→ DATA BELOW
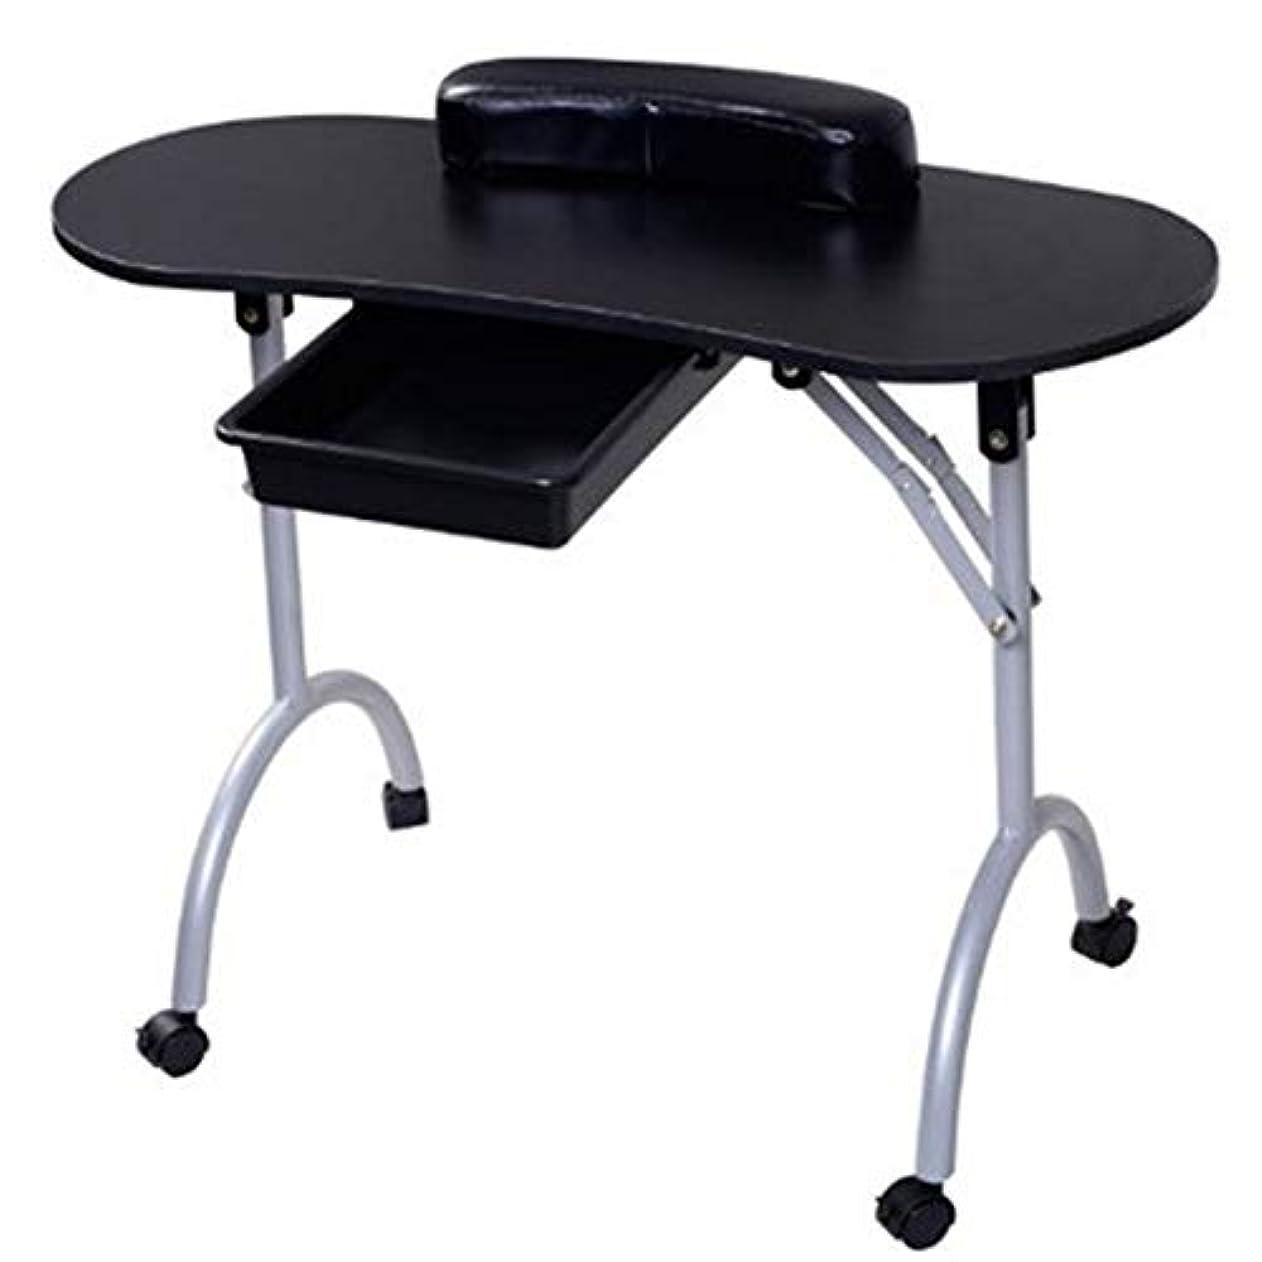 優れました照らす送金折りたたみネイルテーブルホームポータブルモバイルプーリー車スタジオビューティーサロンマニキュアテーブル引き出しとリストレストとキャリングバッグ,Black
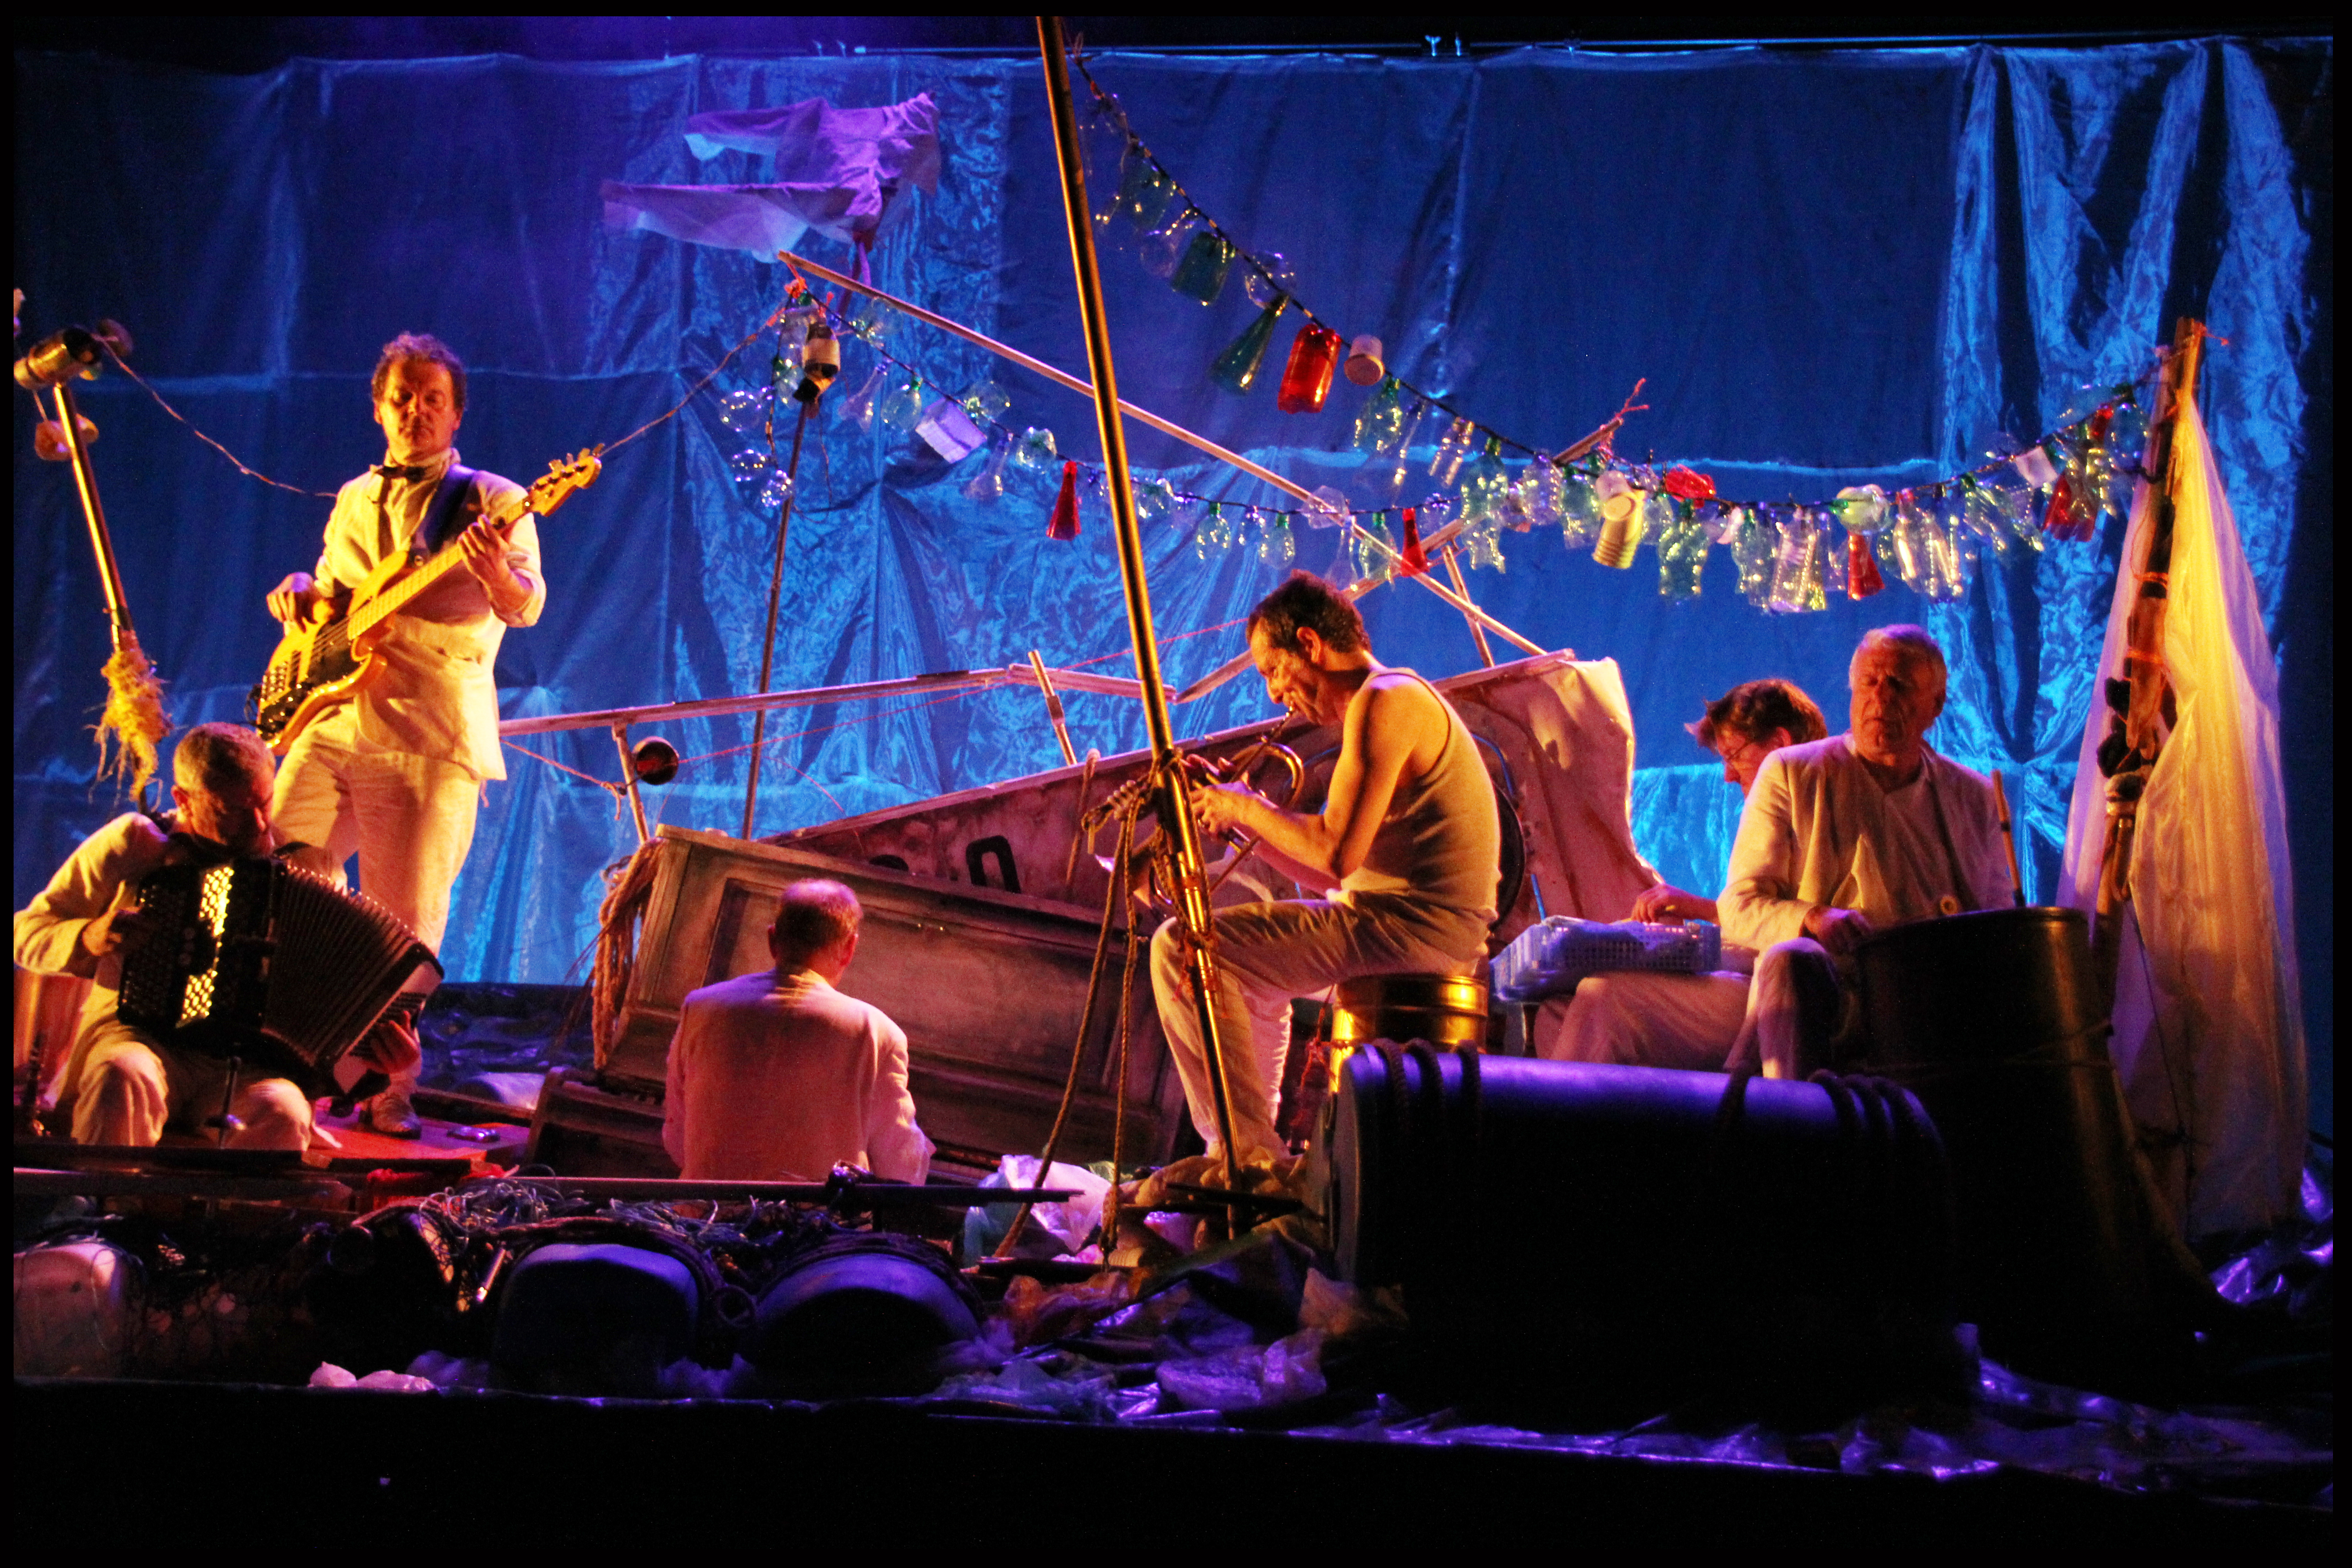 Le Grand Orchestre du 7ème Continent
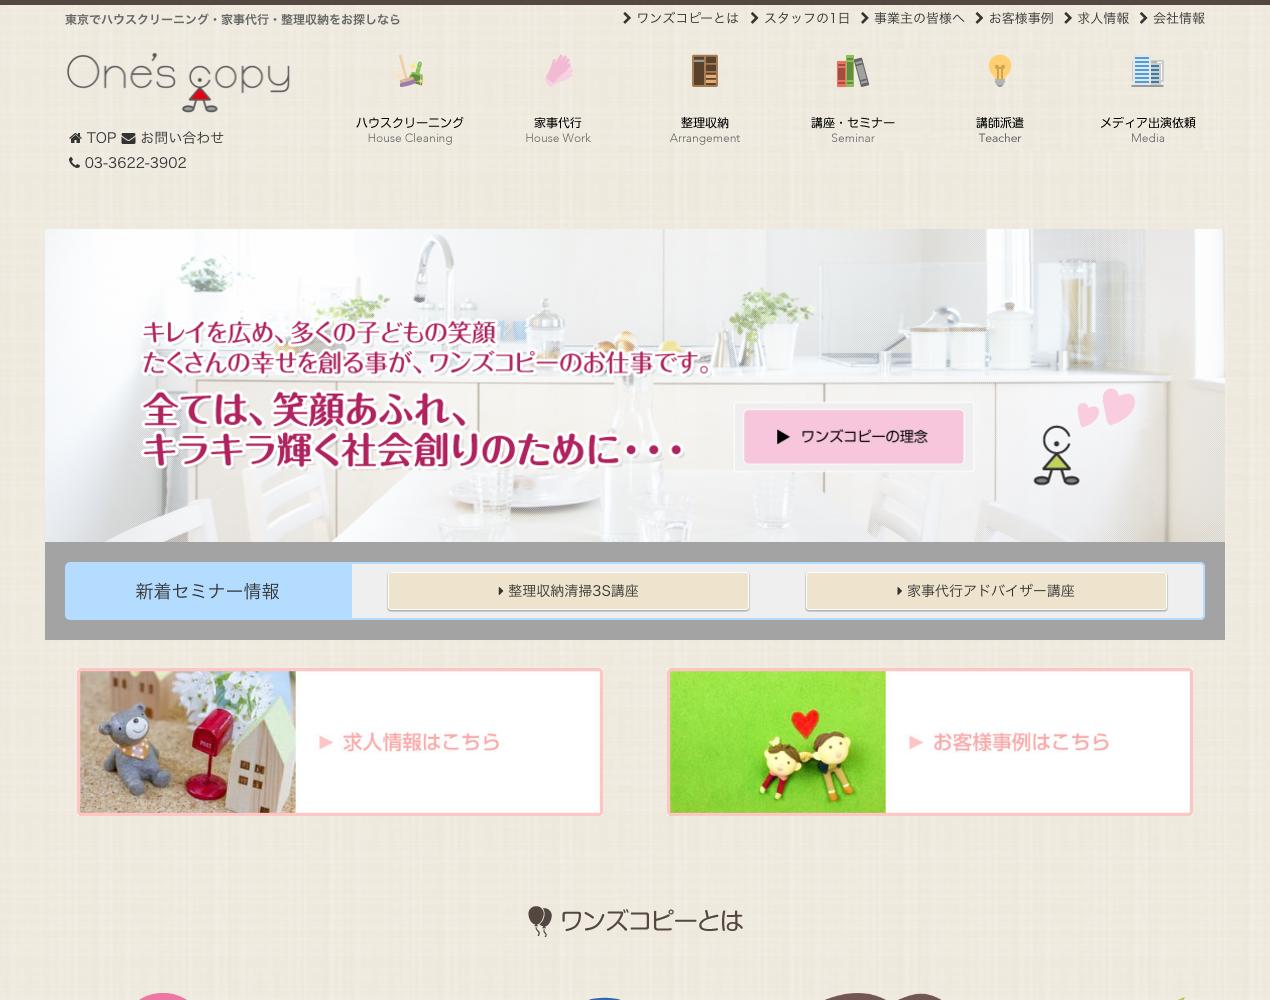 ワンズコピー CMS制作事例 トップページ画像

→ TASK DETAILS
Make an exact copy of the whole listing, but don't bring over any pictures.

→ RESULT FOR THIS TASK
 優れました照らす送金折りたたみネイルテーブルホームポータブルモバイルプーリー車スタジオビューティーサロンマニキュアテーブル引き出しとリストレストとキャリングバッグ,Black
 Le Grand Orchestre du 7ème Continent
 ワンズコピー CMS制作事例 トップページ画像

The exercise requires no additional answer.